Fourier struggles with extrapolation: Despite capturing the diurnal cycle, Fourier series perform poorly when extrapolating 3 hours ahead due to transient weather patterns.
Residual diagnostics are essential: The comprehensive residual plots reveal model quality beyond just accuracy metrics.
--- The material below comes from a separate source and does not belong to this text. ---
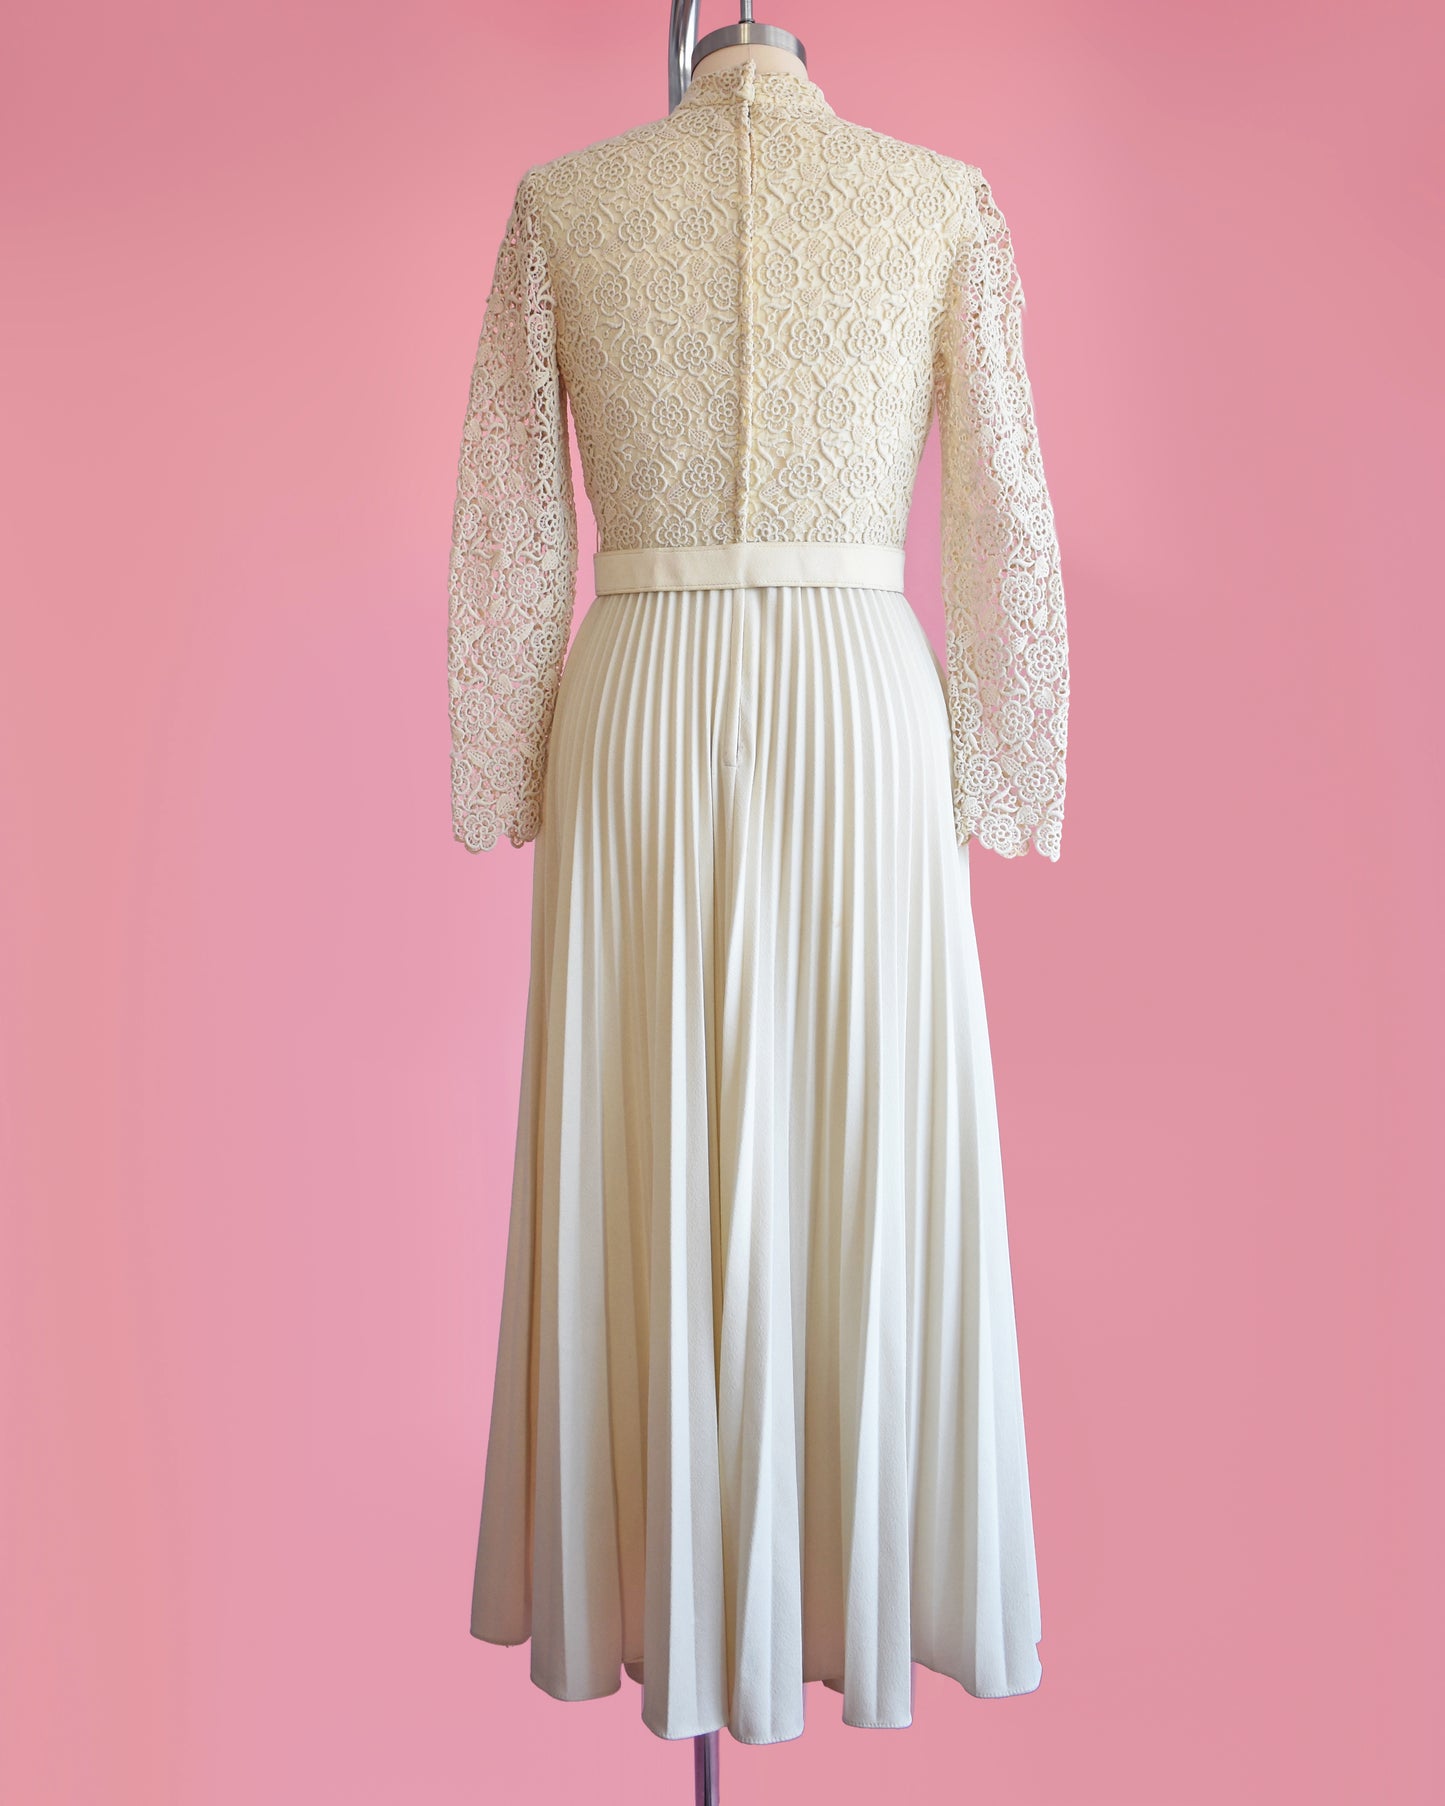 back view of a vintage 1970s crochet floral lace pleated maxi dress with matching belt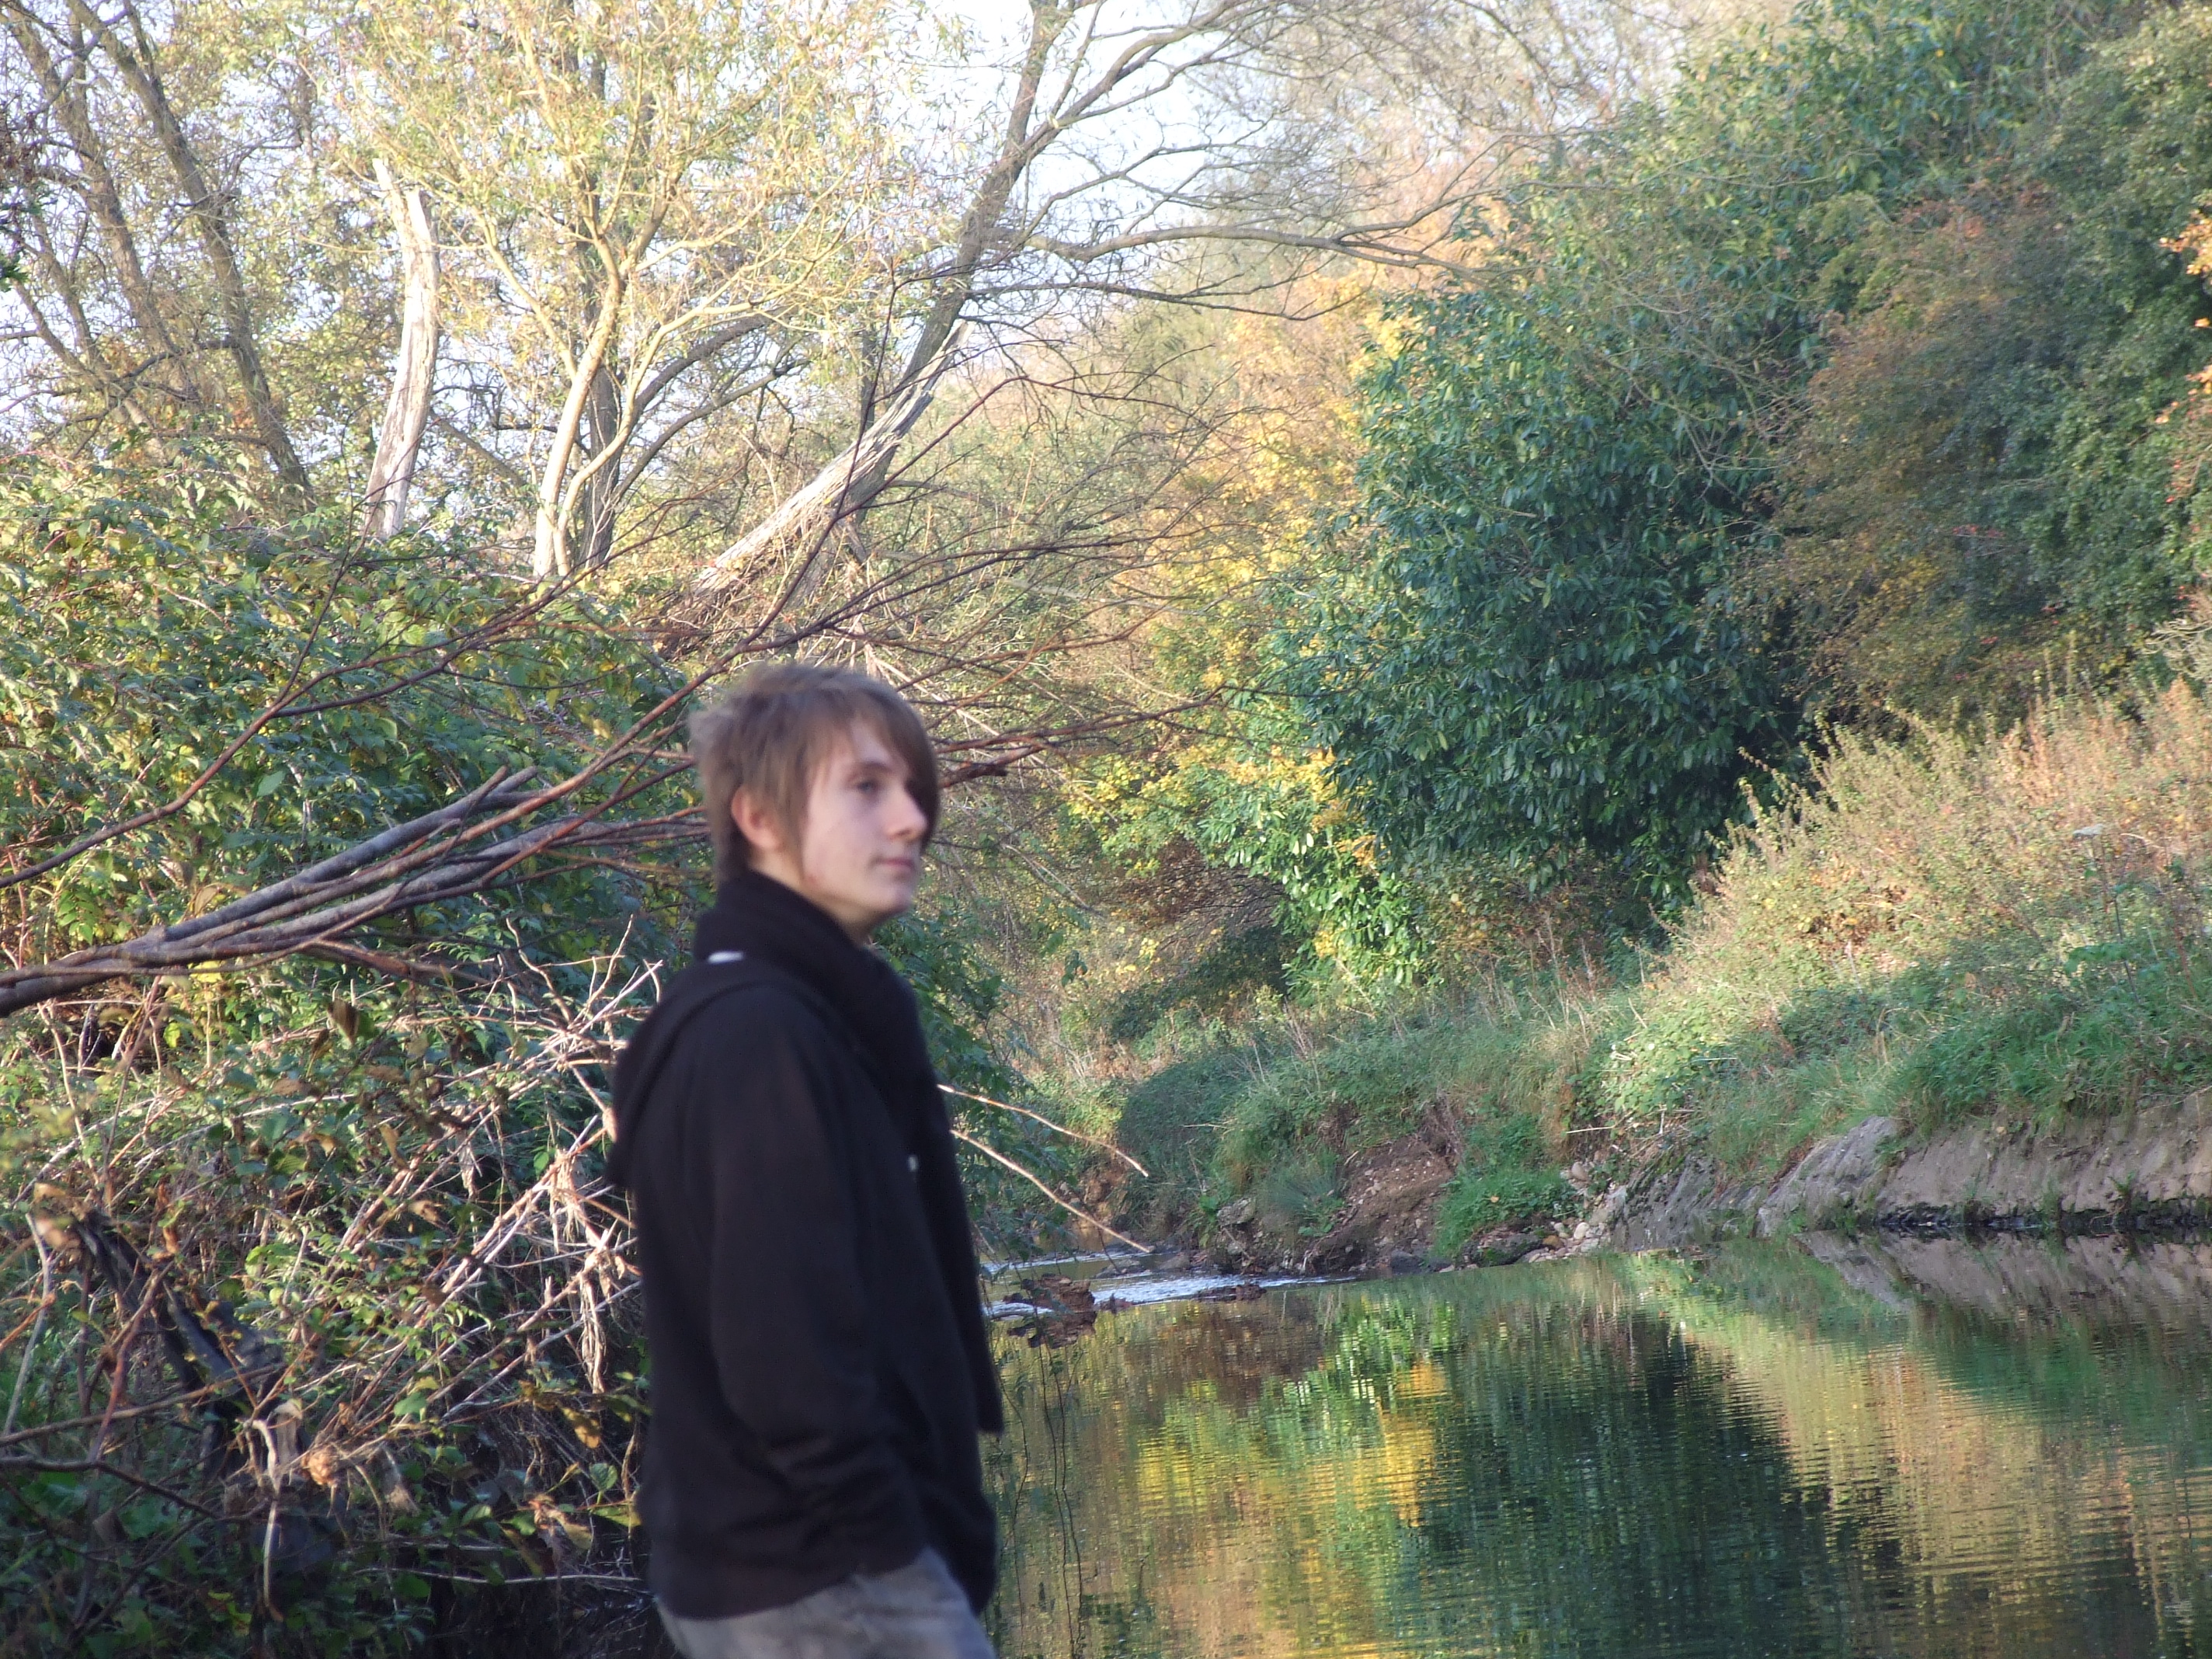 Emo kid in nature photo

Expected Performance Metrics

Method	MAE (°C)	RMSE (°C)	R²
24-Hour Mean Baseline	2.03	2.68	0.69
Linear Trend (6h)	3.88	4.19	0.23
Fourier Series (4 days)	3.60	4.67	0.04
XGBoost + Engineered Features	1.14	1.51	0.90
NBEATSx-Ridge	0.89	1.12	0.94

Expected Participant Outcomes

Two separate HTML reports: lab_notebook.html (Steps 1-9) and ml_summary.html (Steps 10-11)
Understanding that raw computational results need critical evaluation
Experience with the full ML workflow: problem formulation, method selection, evaluation, and reporting
Appreciation for Claude Code's ability to handle complex, multi-step research tasks
Recognition that different ML methods have different strengths and that proper evaluation requires multiple metrics and diagnostic plots

Discussion Questions for Class

Why does the naive Fourier analysis fail to identify the 1-day period as dominant?
What does it mean when a model has high R² but we still see patterns in the residuals?
Why might NBEATSx-Ridge outperform XGBoost despite using a simpler model (linear regression)?
What are the trade-offs between model complexity and interpretability?
How would you validate these models for operational deployment at the observatory?

Implementation Notes

Common Participant Issues

Forgetting to specify lat/lon units: Astropy requires u.deg units. Participants may forget this and get cryptic errors.
Sunset calculation timezone confusion: The dataset is in UTC, and sunset calculations should also be in UTC. Local time conversion is not needed.
Plot display issues: plt.show() can cause problems in some environments. Recommend saving plots first with plt.savefig() then displaying.
Missing packages: Participants may need to install xgboost, astropy, scipy. Claude Code will typically suggest this automatically.

Timing Guidance

Steps 1-7 (Basic analysis): 30-45 minutes
Step 8 (Session resumption): 5 minutes
Step 9 (Lab notebook): 10-15 minutes
Steps 10-11 (ML comparison): 45-60 minutes
Total: ~2 hours for a thorough walkthrough

The exercise can be shortened by skipping the ML comparison (Steps 10-11) or by providing more specific prompts to reduce exploration time.